January 15, 2020 - Malibu, Calif.

January 16-20, 2020 - Palm Springs, Calif.

January 21-23, 2020 - Joshua Tree National Park

Exploring the land by day and the starry sky by night


     After our visit to Pismo, we spent a few days in Malibu and Palm Springs, Calif., visiting family. We took in a UCLA vs. Stanford basketball game and also got a taste of the LA traffic. Our days in Palm Springs consisted of morning walks (with a bit of geocaching), pool and hot tub time, happy hour, and going out to dinner. Not a bad gig if you can get it. After a few days of rest and relaxation, we were ready to hit the road again and go exploring. (To the Harding family — hugs & kisses and thank you for a wonderful time!)

The namesake of Joshua Tree National Park
      According to folklore, when Mormon settlers first saw the Joshua Tree, it reminded them of Joshua, who lifted his hands to the sky in prayer. In contrast, the Joshua Tree reminds me of the cat from Bloom County. 
The Joshua Tree reminds
me of Bill the Cat.
It’s certainly an unusual looking tree, and no two look alike.
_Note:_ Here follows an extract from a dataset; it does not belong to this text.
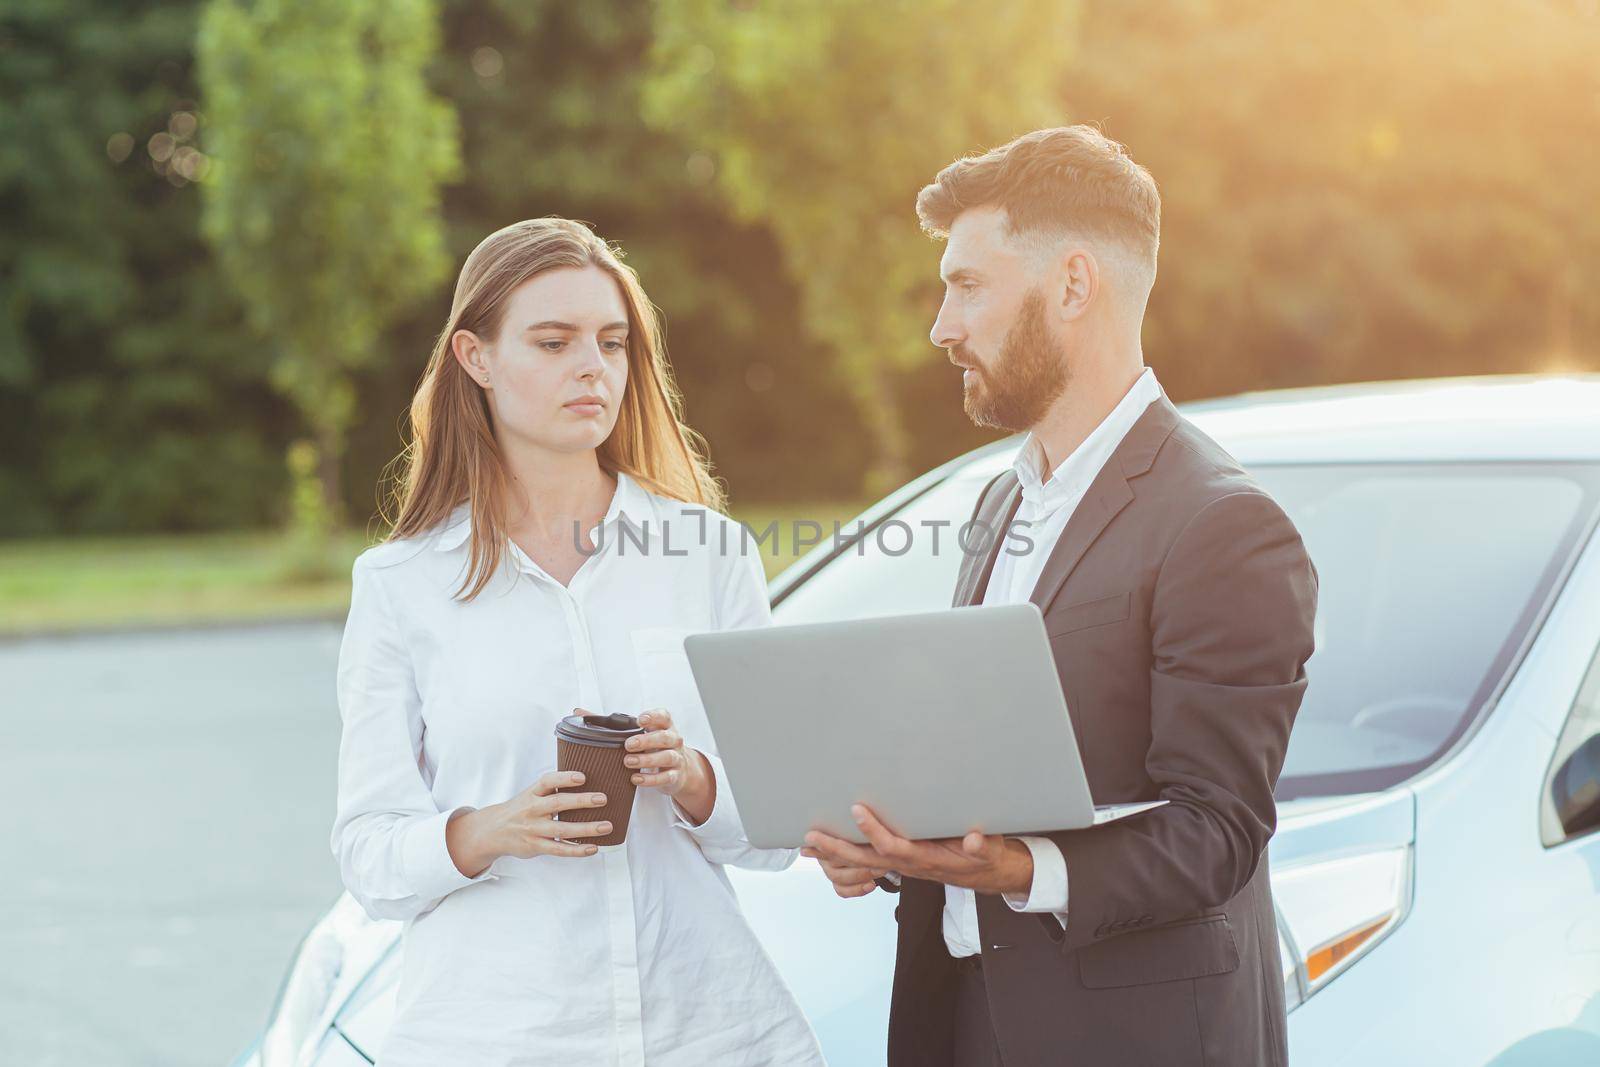 Male car salesman, recommends a car to a woman buyer, inspects cars in the showroom, the seller uses a laptop to view technical information on the car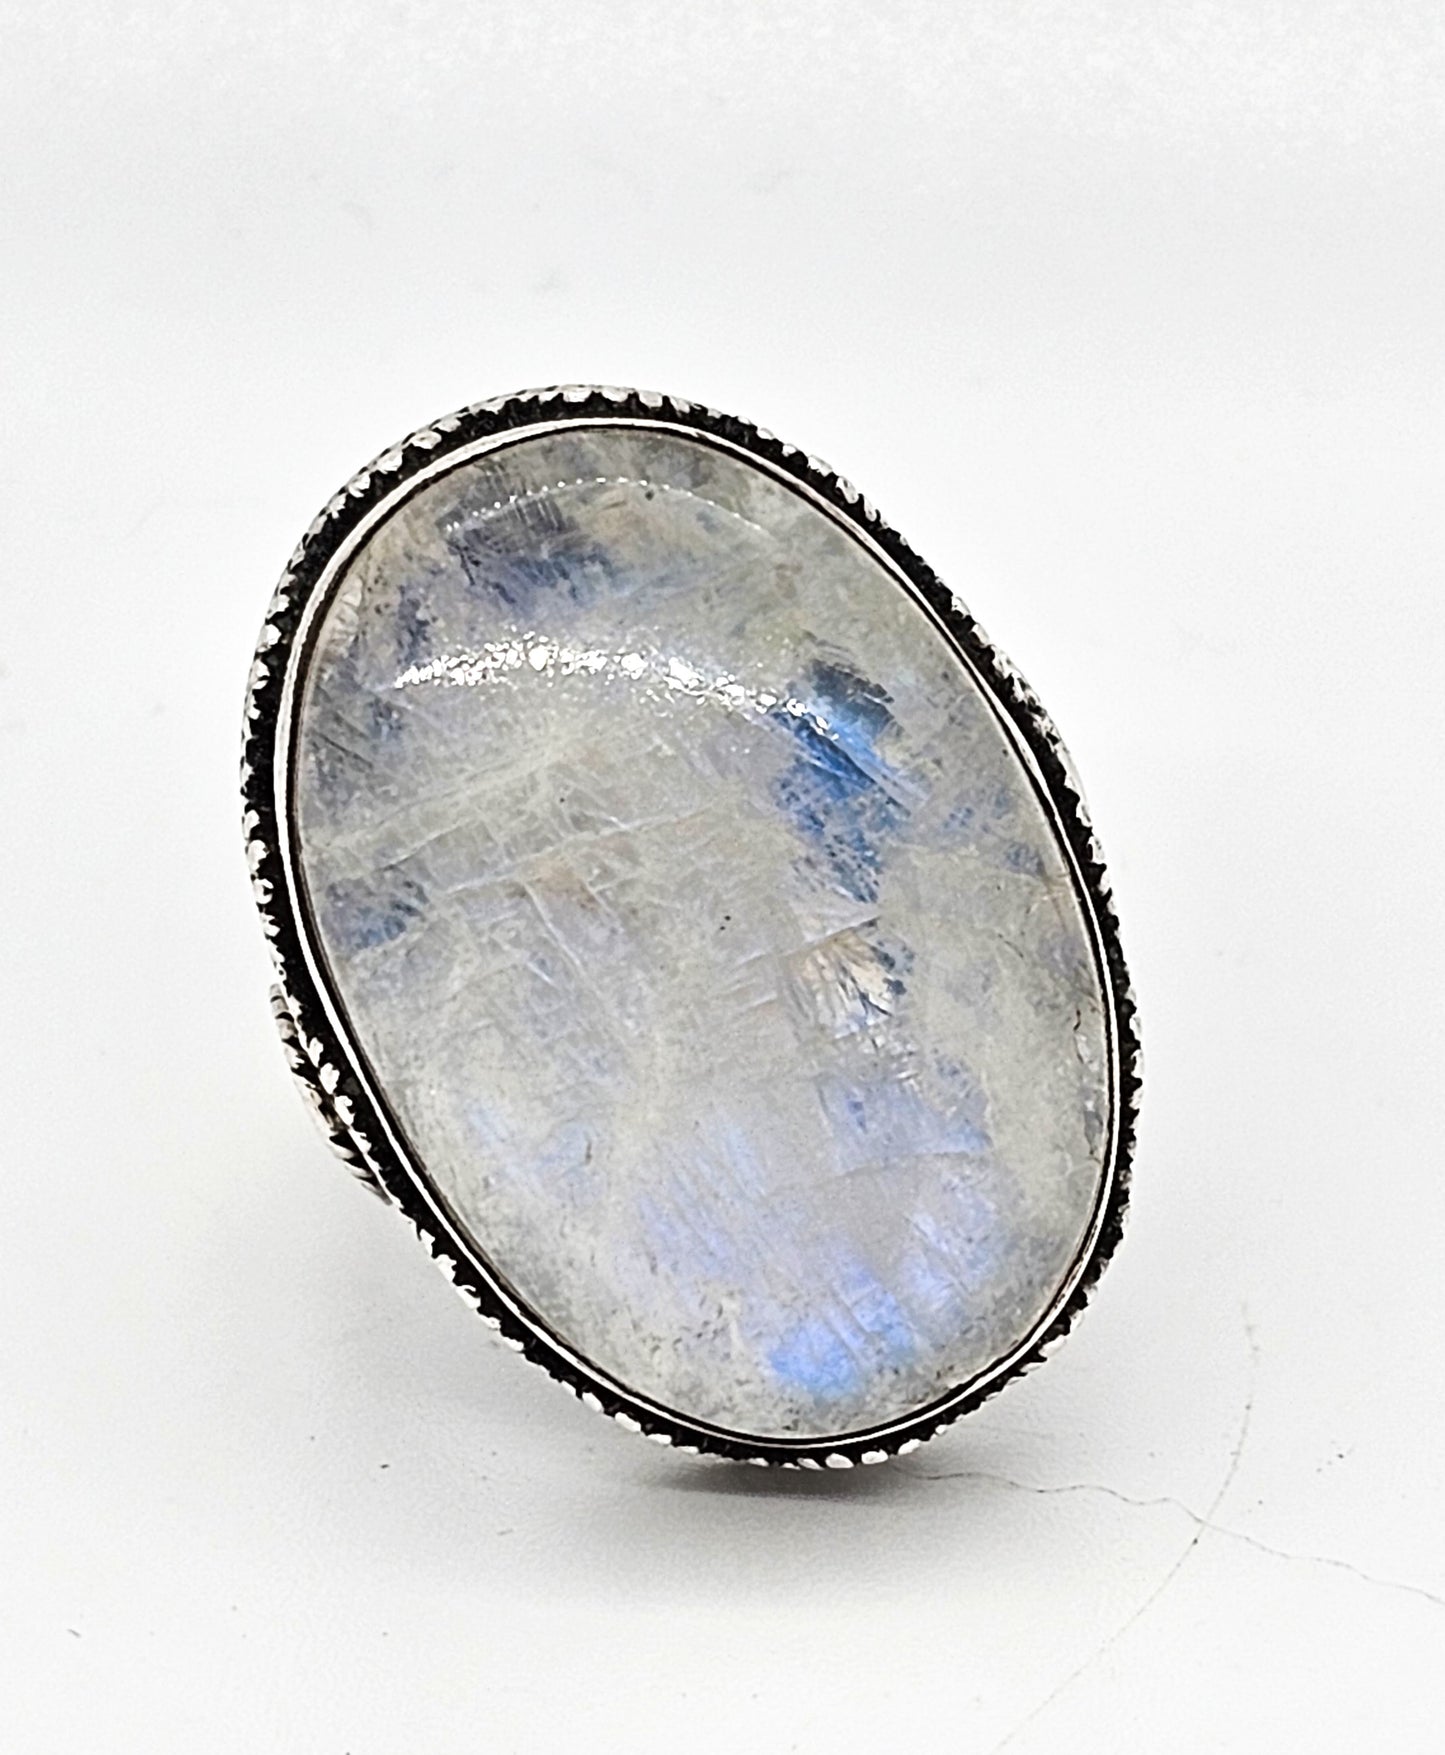 XL Rainbow Blue moonstone bali Balinese tribal spiral sterling silver ring size 9

     Environmental journalist and natural history writer, Chris Clarke, has spent 20+ years researching the origins of the name of the Joshua Tree. In this 2013 article, he describes the history behind the nomenclature. For whatever reason, the name Joshua Tree stuck, and the tree and the park have inspired artists and musicians such as the band U2 ever since.

I never got tired of the desert landscape at Joshua Tree.
     Today, the park’s diverse desert landscape — a transition desert between the Mojave in the north and the Colorado desert in the south — attracts a variety of wildlife and plants as well as human visitors from all over the world. Rock climbers especially like to scale the challenging large rock formations.

Most campsites at Jumbo Rocks were along the roadside.
     We arrived at Jumbo Rocks campground shortly before sunset and noticed everyone wearing parkas and knit caps. When I stepped out of the van, dressed for Palm Springs, I understood why. As soon as the sun sets, the temperature drops. We settled in and enjoyed the night sky. Venus appeared first. Then I could see the faint three stars of Orion’s belt. Slowly, as the night progressed, stars, planets, and occasional airplanes illuminated the entire sky.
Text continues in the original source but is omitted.